--- Data block ---
_ _ _ _ _ _ _
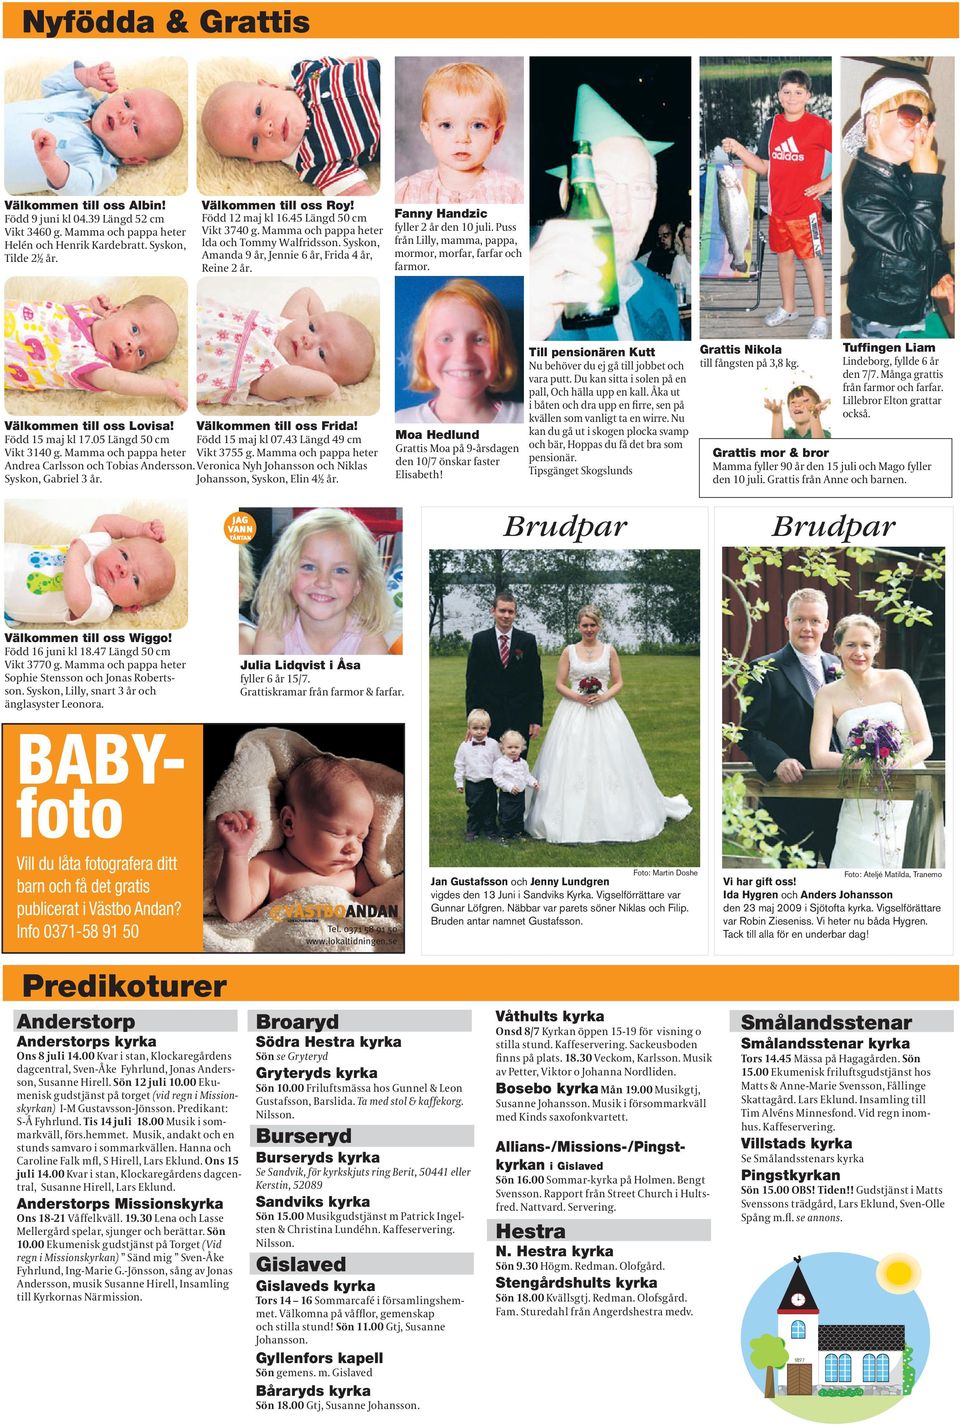 Julia Lidqvist i Åsa BABYfoto Vill du låta fotografera ditt barn och få det gratis publicerat i Västbo Andan? Info 0371-58 91 50 Tel. 0371 58 91 50 www.lokaltidningen.
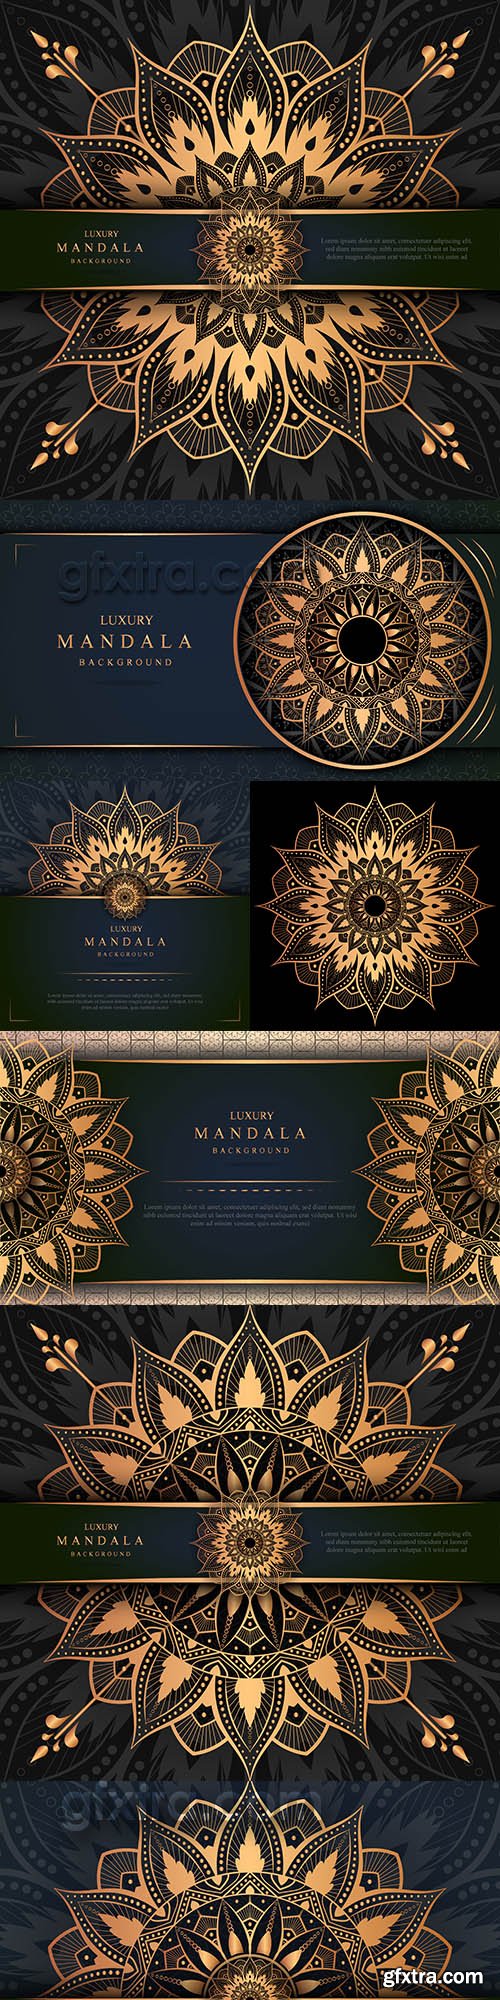 Luxury mandala gold decor Arabic Islamic background 3
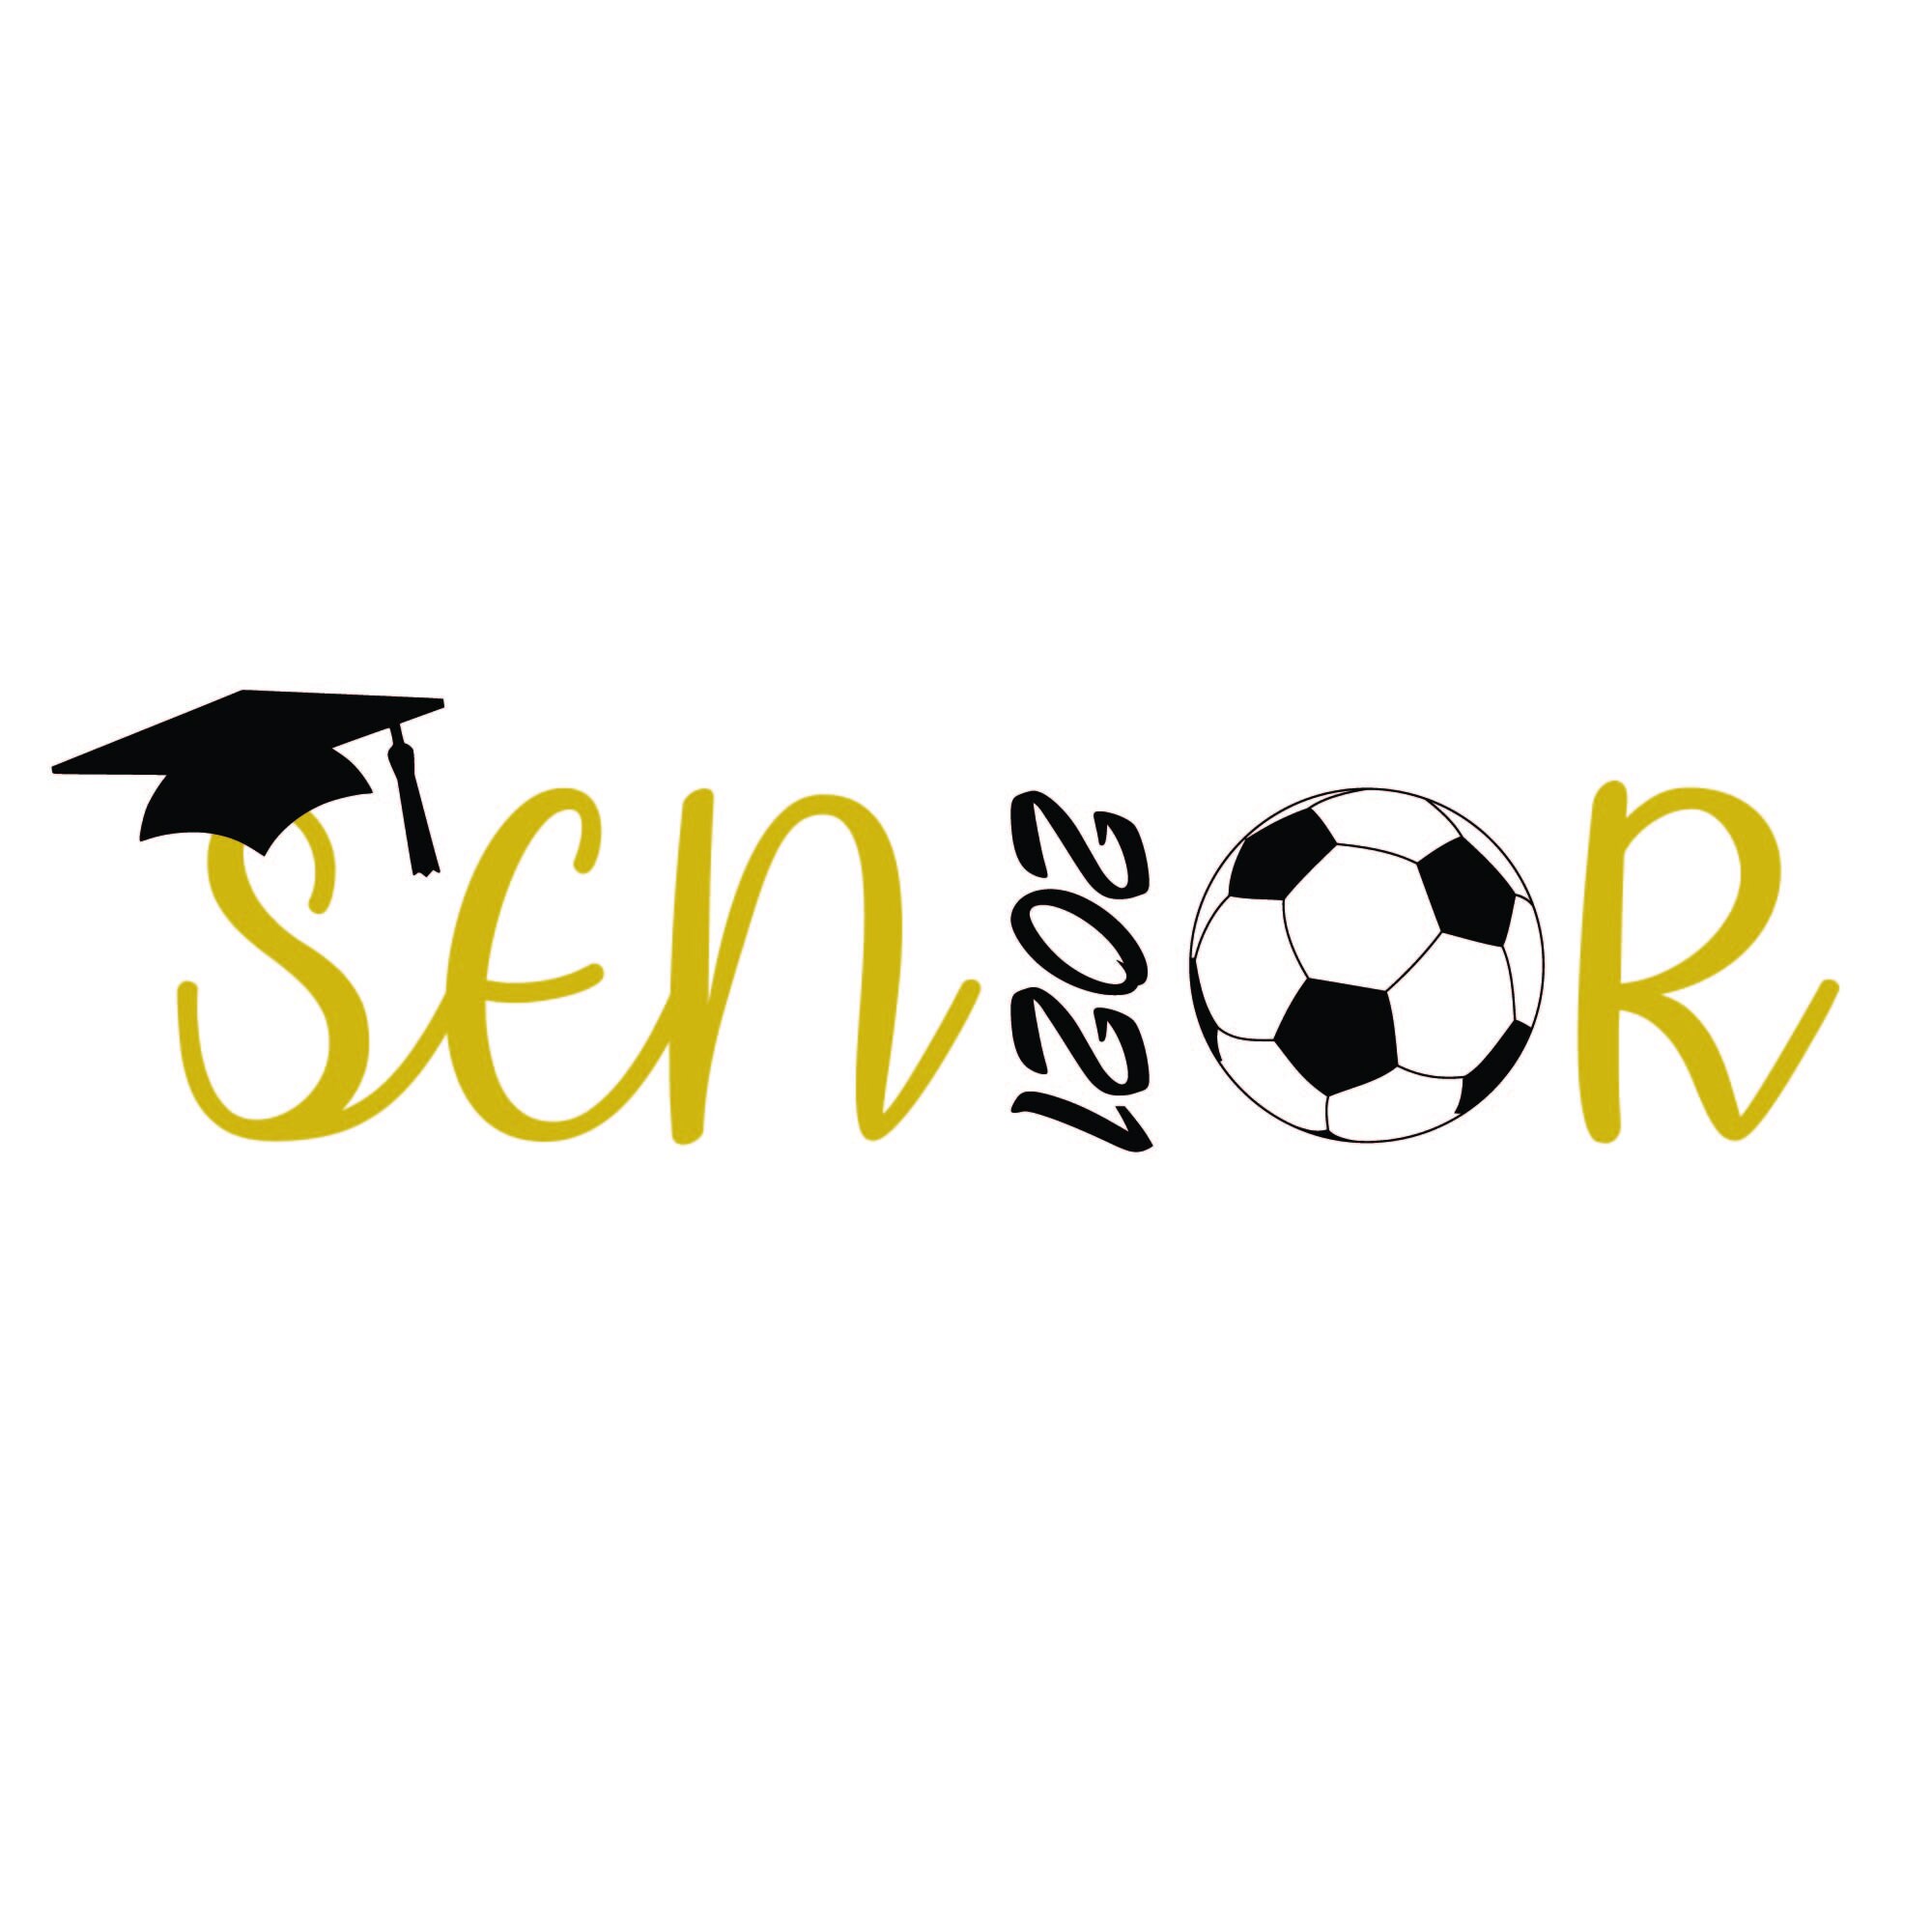 Download Senior Soccer Ball 2021 Senior 2021 Svg Graduation Svg Etsy
_ _ _ _ _ _ _
--- Work order ---
Find the line with "Luxury mandala gold" in the listing above, then write it out along with every later line through the last one, exactly, omitting pictures.

--- Solution below ---
 Luxury mandala gold decor Arabic Islamic background 3
 Download Senior Soccer Ball 2021 Senior 2021 Svg Graduation Svg Etsy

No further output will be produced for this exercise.